◆ Exercise objective: The response should contain all of the data below, reproduced exactly, and no pictures.

◆ Supplied data:
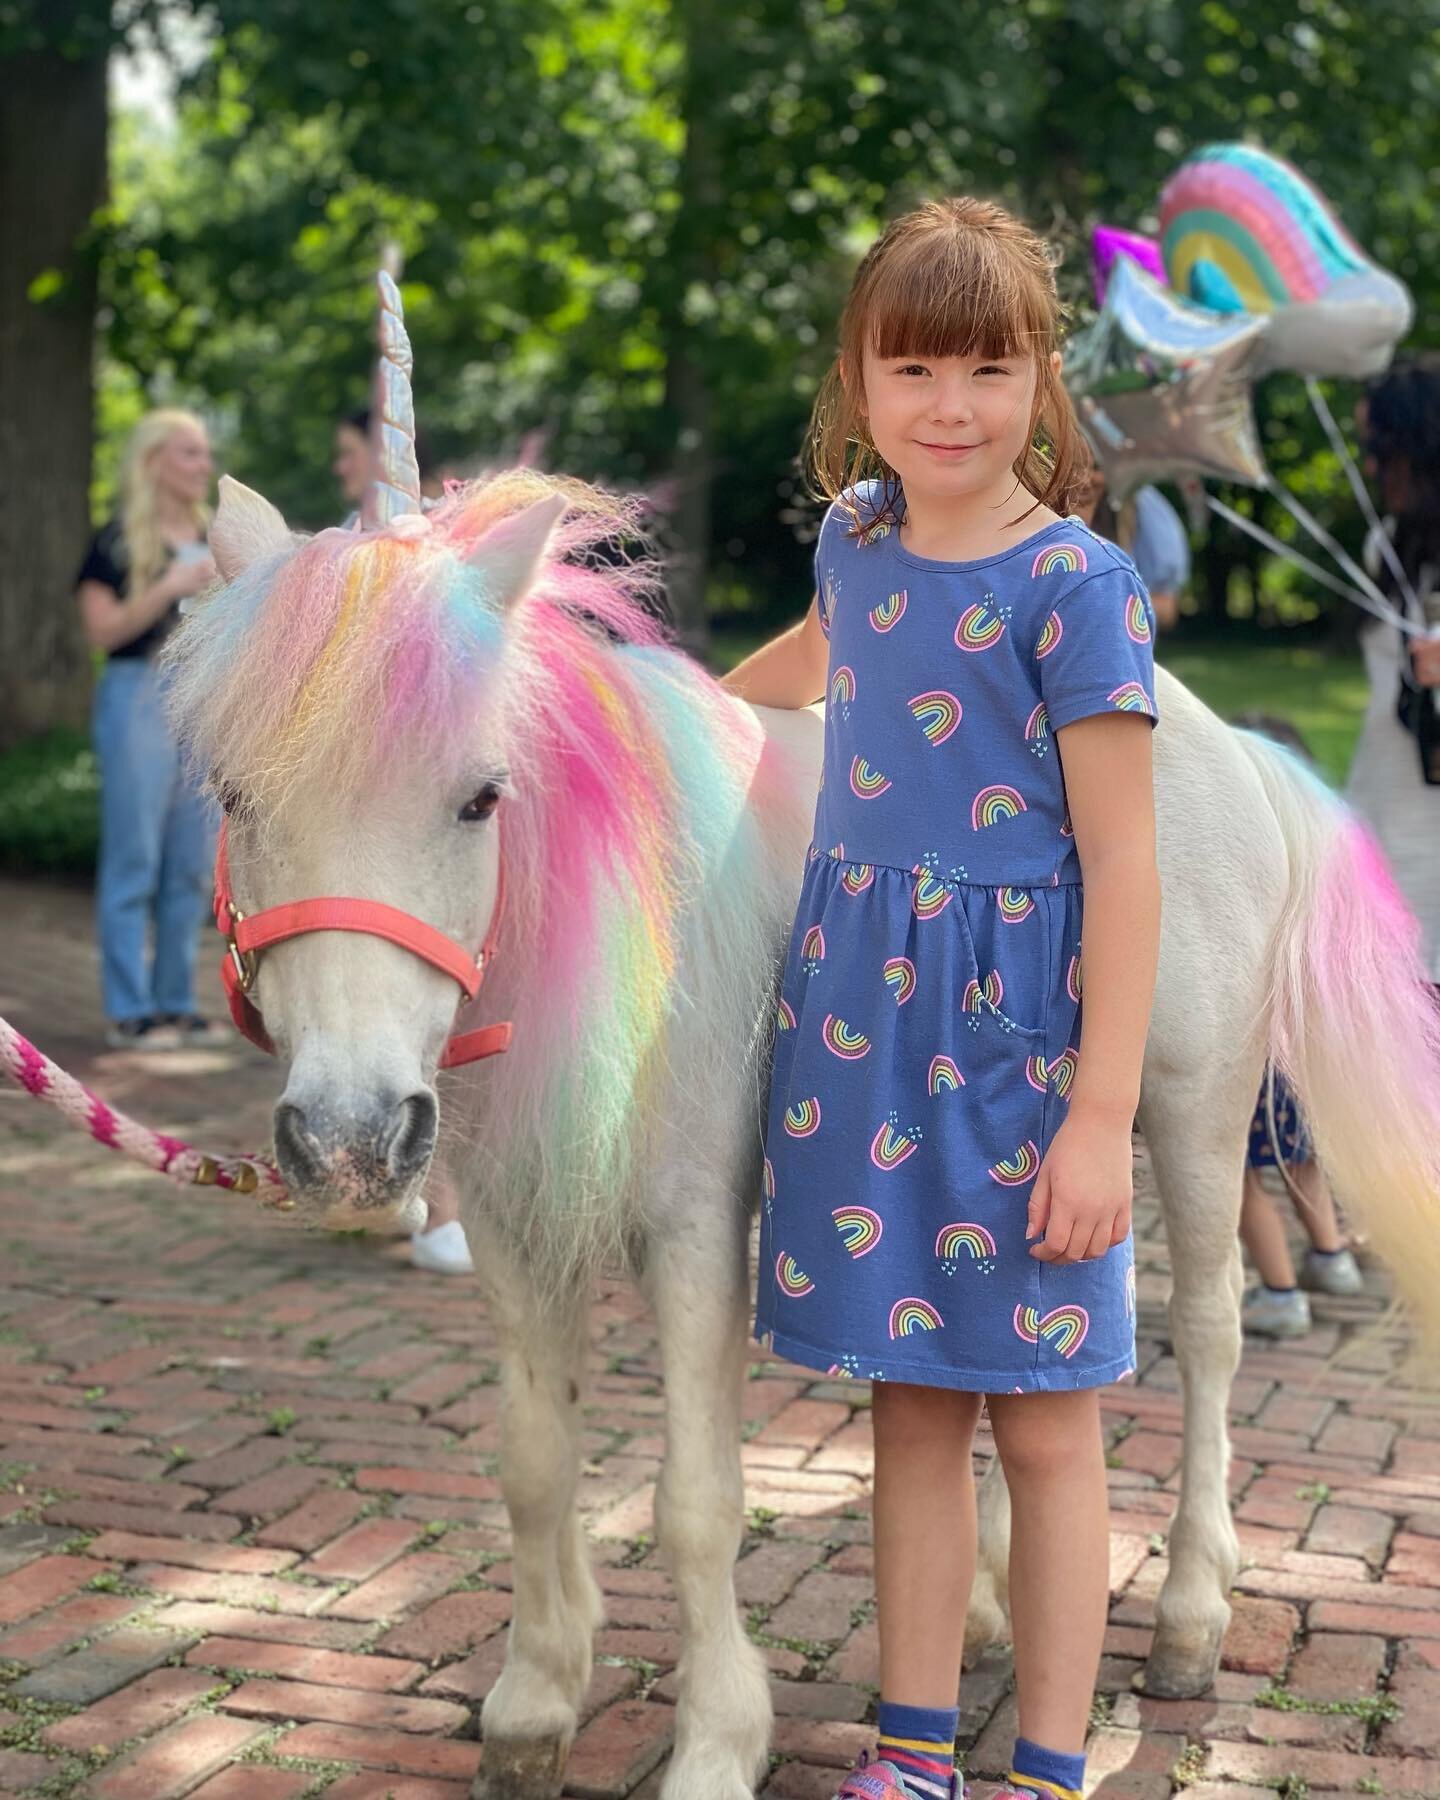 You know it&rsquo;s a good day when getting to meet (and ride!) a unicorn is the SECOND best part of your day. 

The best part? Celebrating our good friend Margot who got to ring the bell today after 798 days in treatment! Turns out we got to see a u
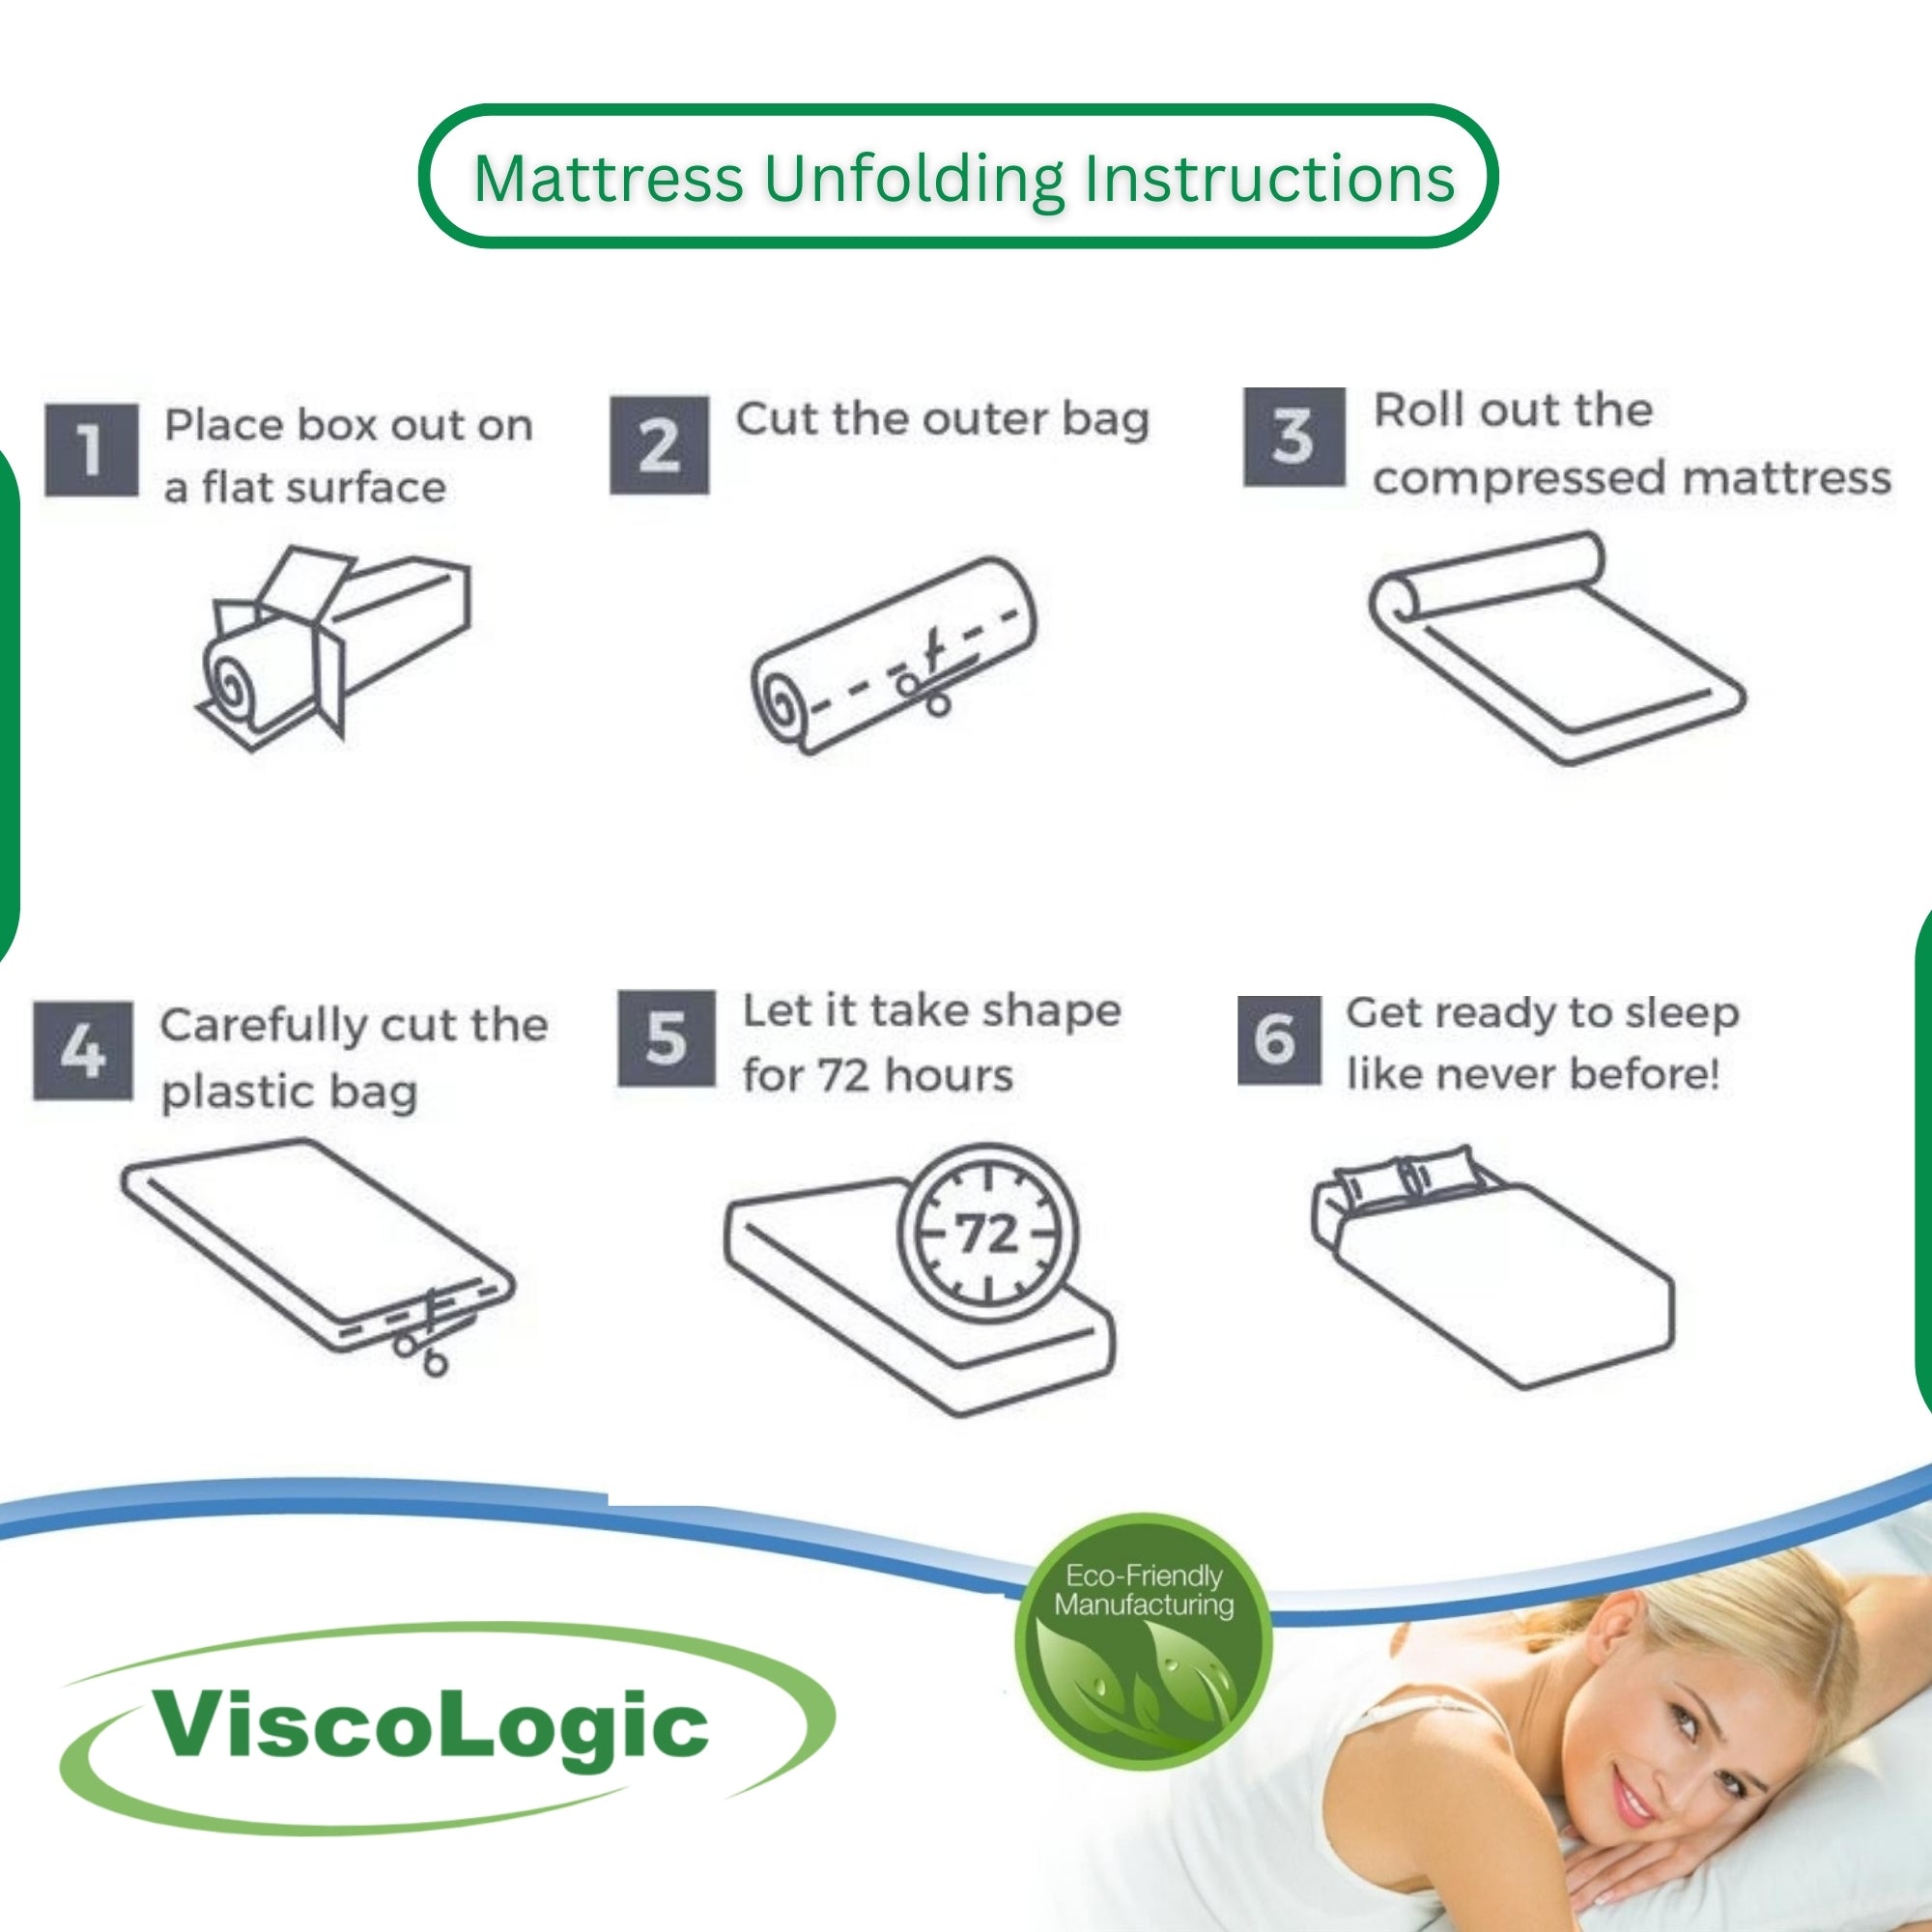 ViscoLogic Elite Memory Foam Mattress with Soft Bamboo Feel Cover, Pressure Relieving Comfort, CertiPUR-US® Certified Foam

◆ Reply:
 You know it&rsquo;s a good day when getting to meet (and ride!) a unicorn is the SECOND best part of your day. 

The best part? Celebrating our good friend Margot who got to ring the bell today after 798 days in treatment! Turns out we got to see a u
 ViscoLogic Elite Memory Foam Mattress with Soft Bamboo Feel Cover, Pressure Relieving Comfort, CertiPUR-US® Certified Foam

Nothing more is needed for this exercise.